» **Exercise data**
-=-=-=-=-

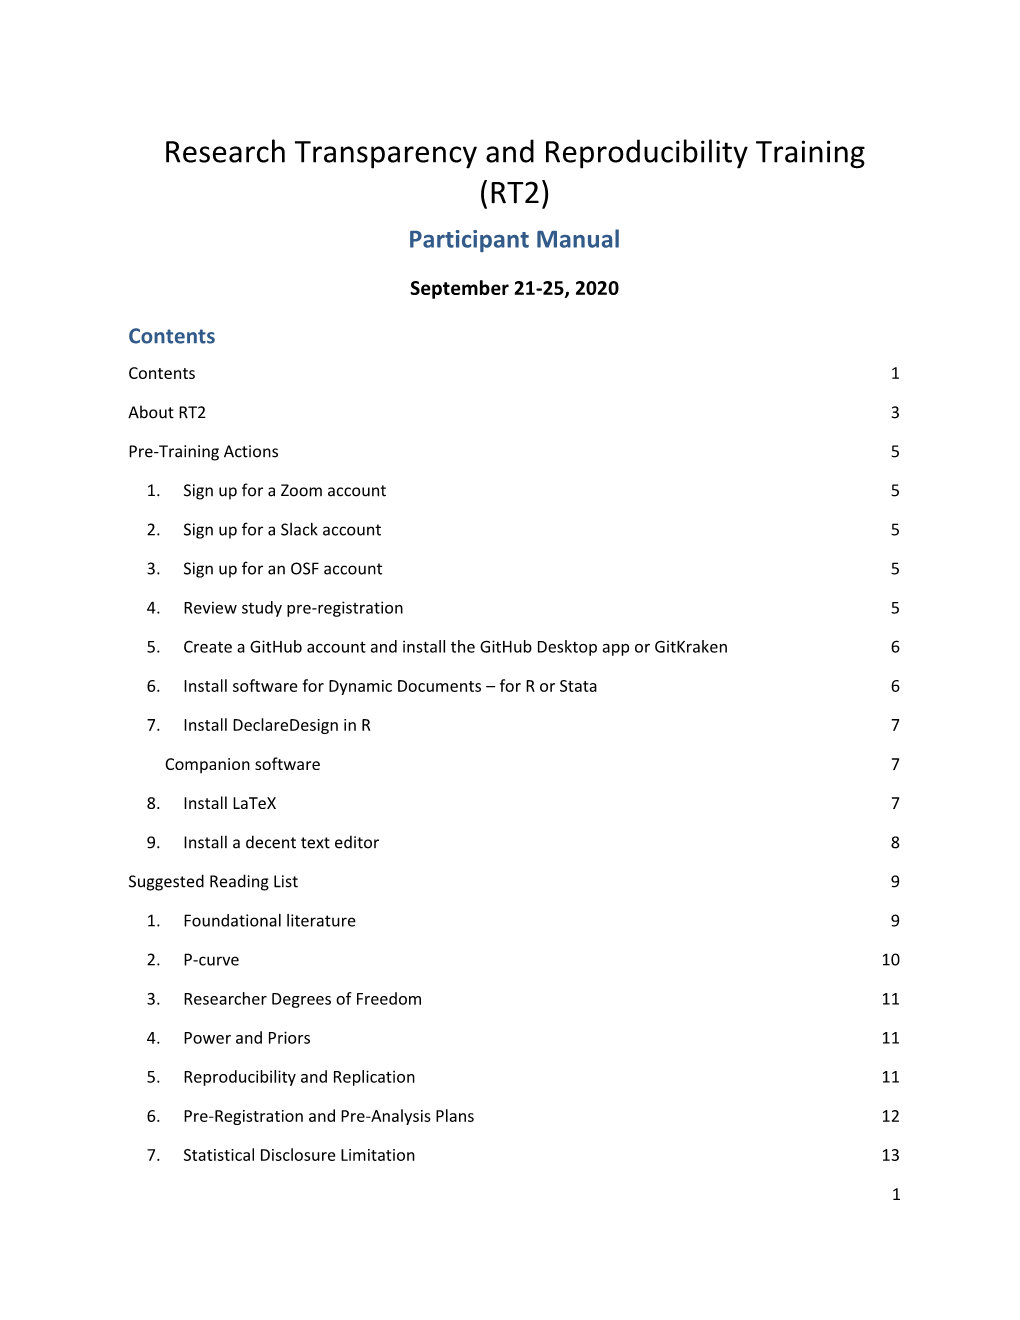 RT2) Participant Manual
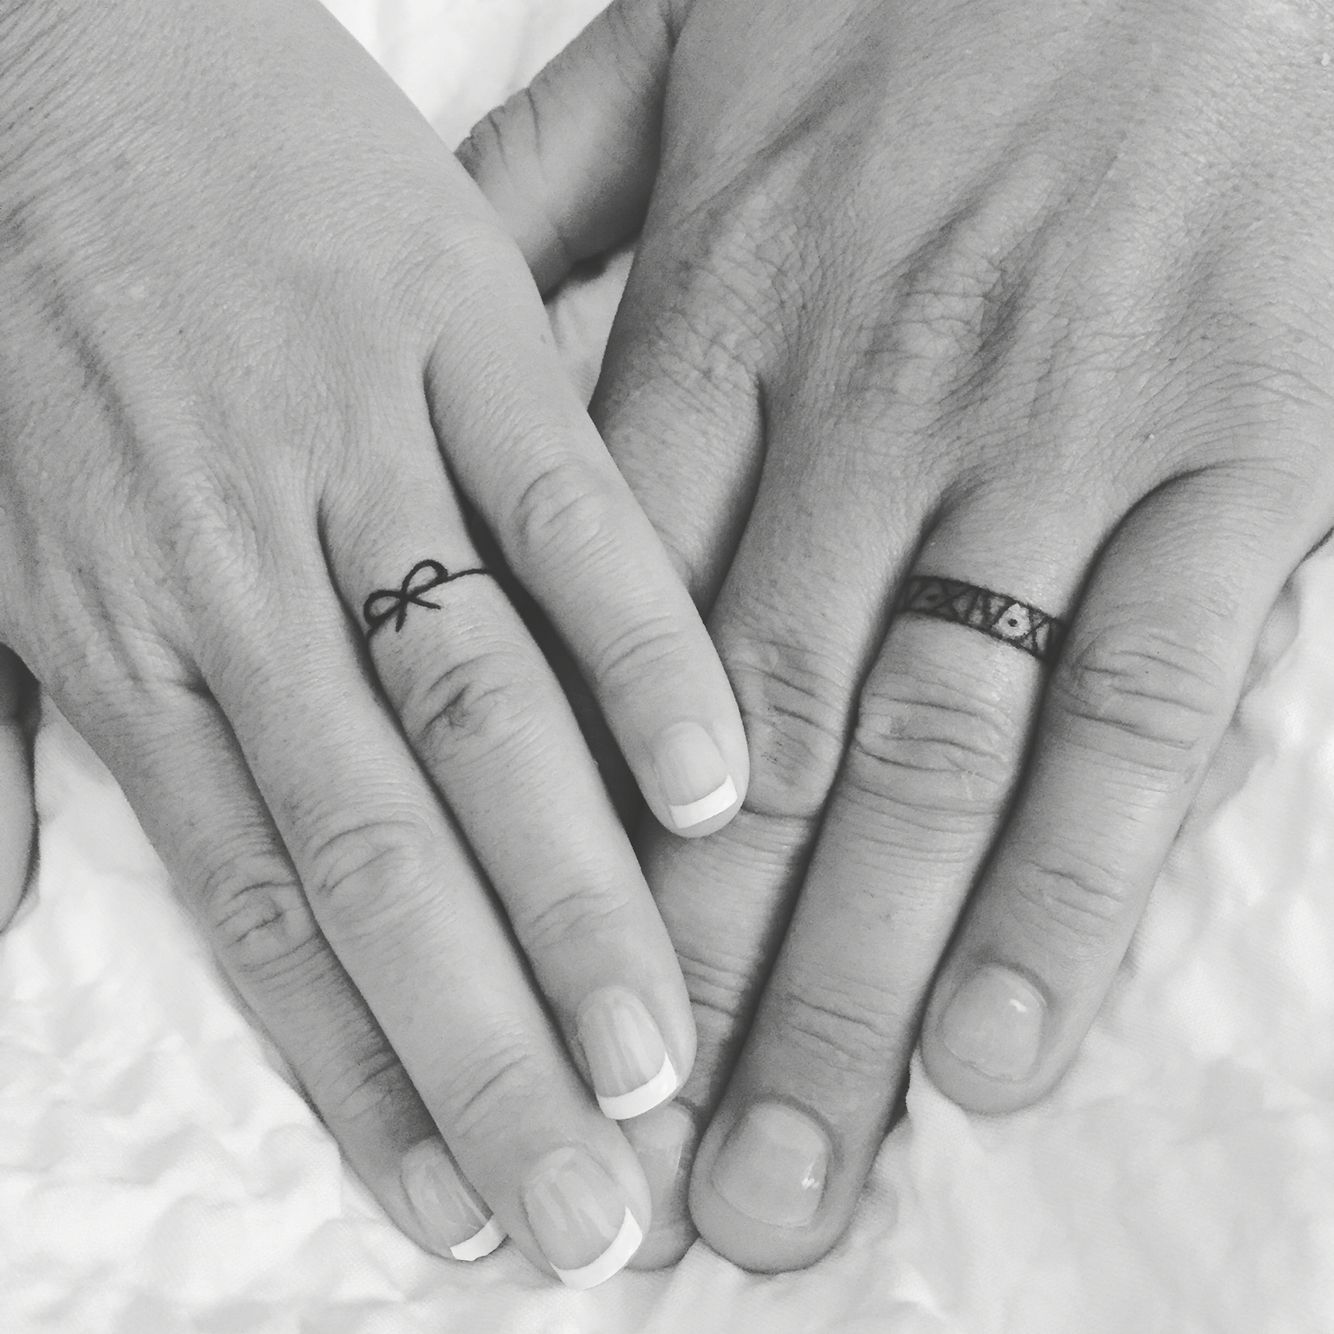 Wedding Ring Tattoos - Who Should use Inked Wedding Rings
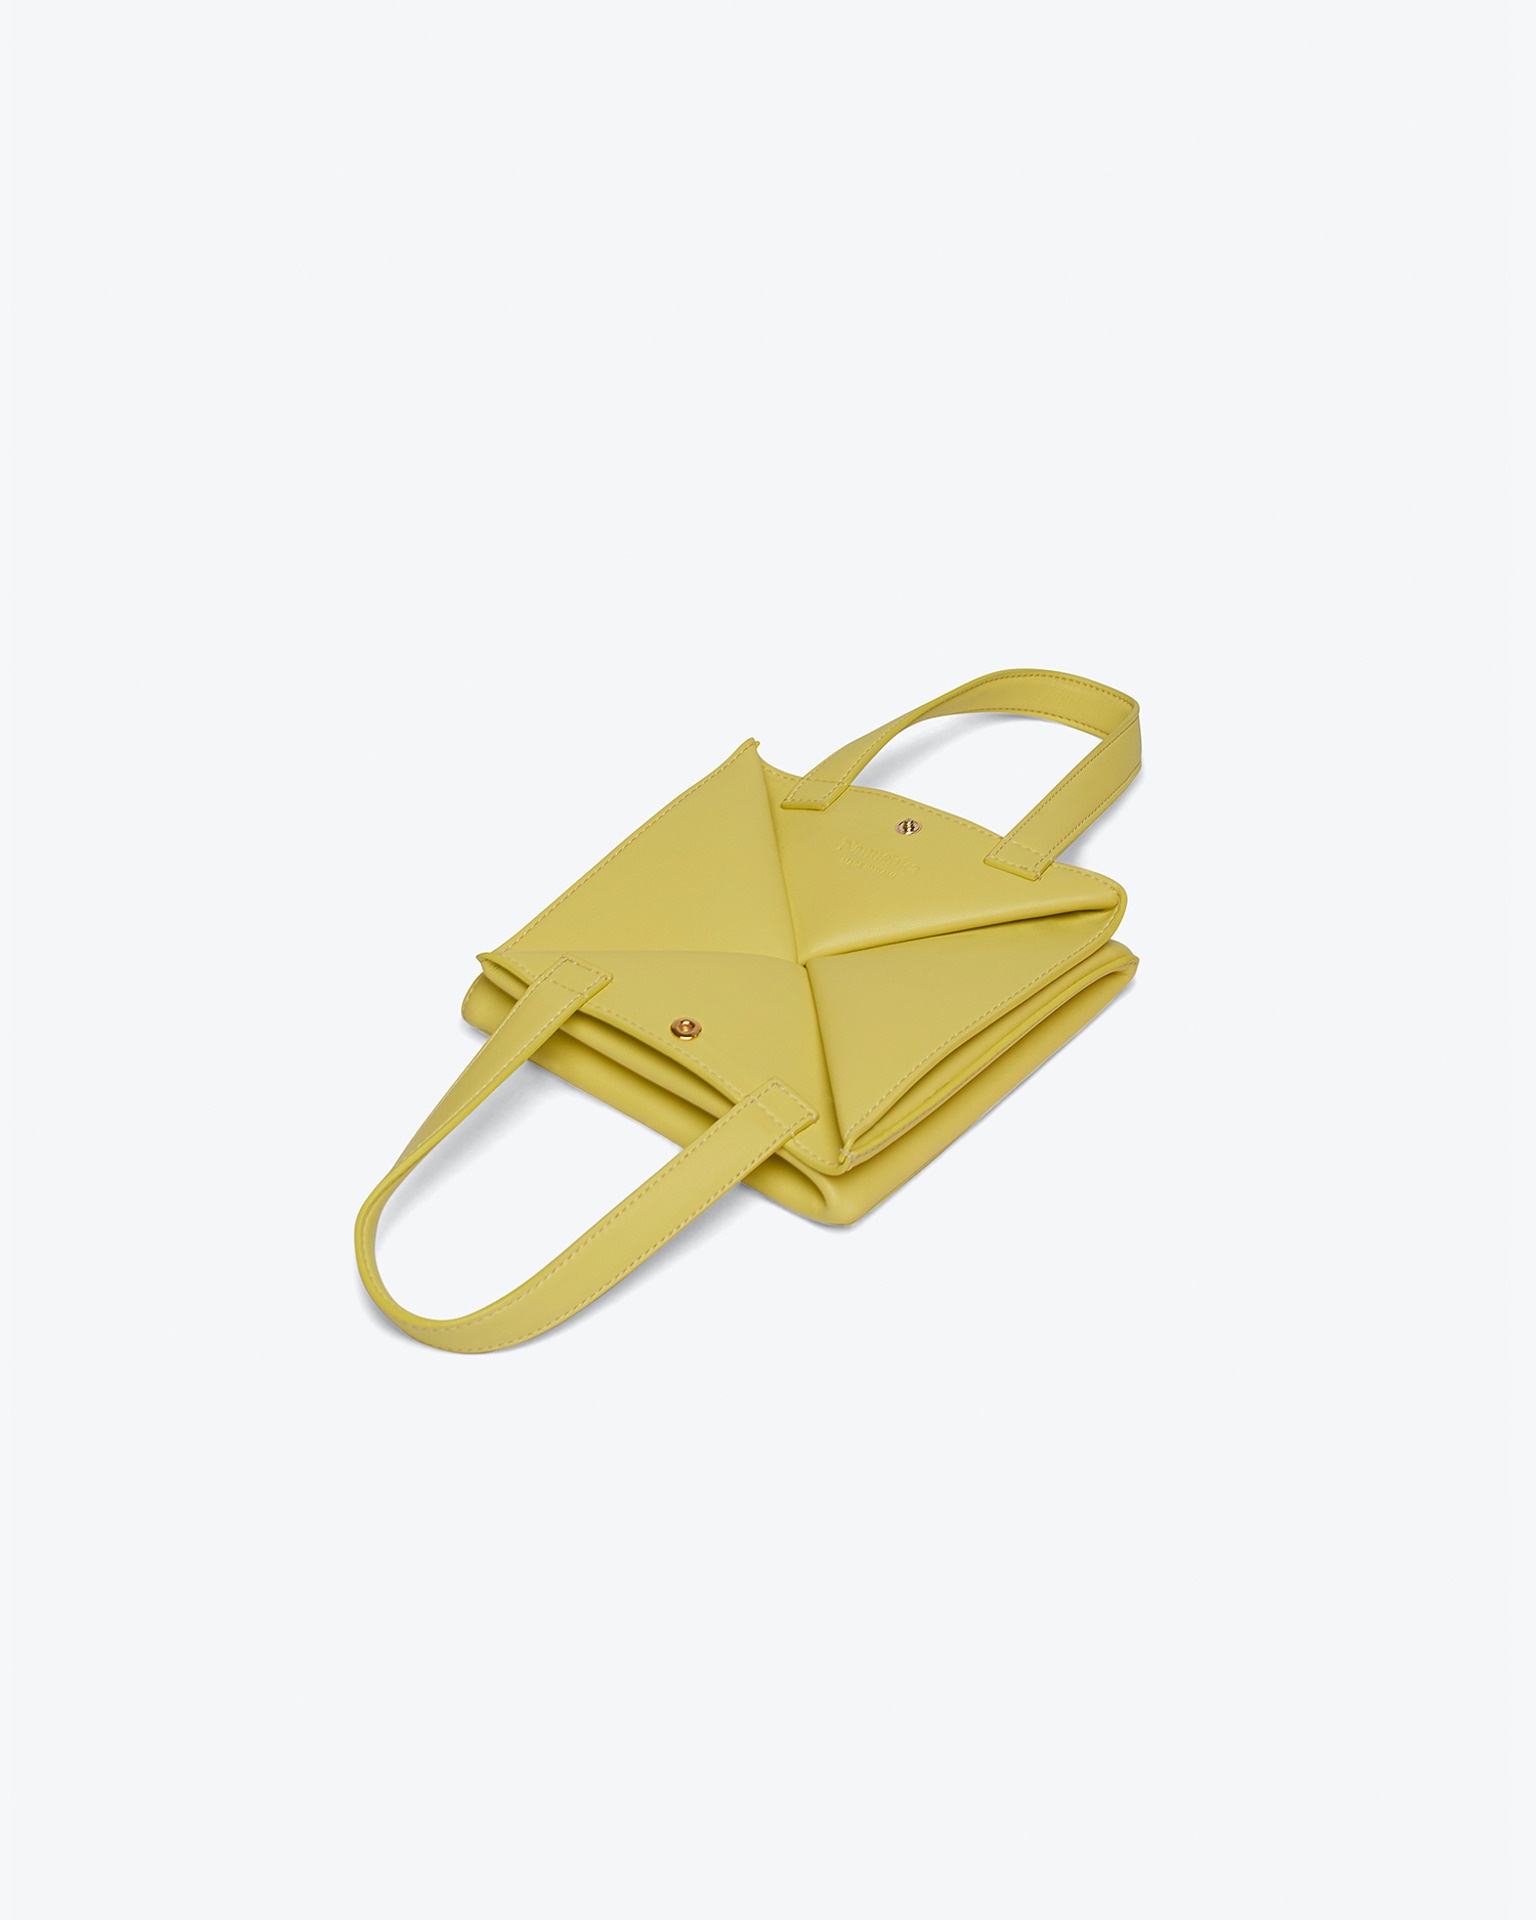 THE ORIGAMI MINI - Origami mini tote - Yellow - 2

-=-=-=-=-

» **Required work**
Copy the data in full. No pictures belong in the copy.

» **Answer below**
 RT2) Participant Manual
 Wedding Ring Tattoos - Who Should use Inked Wedding Rings
 THE ORIGAMI MINI - Origami mini tote - Yellow - 2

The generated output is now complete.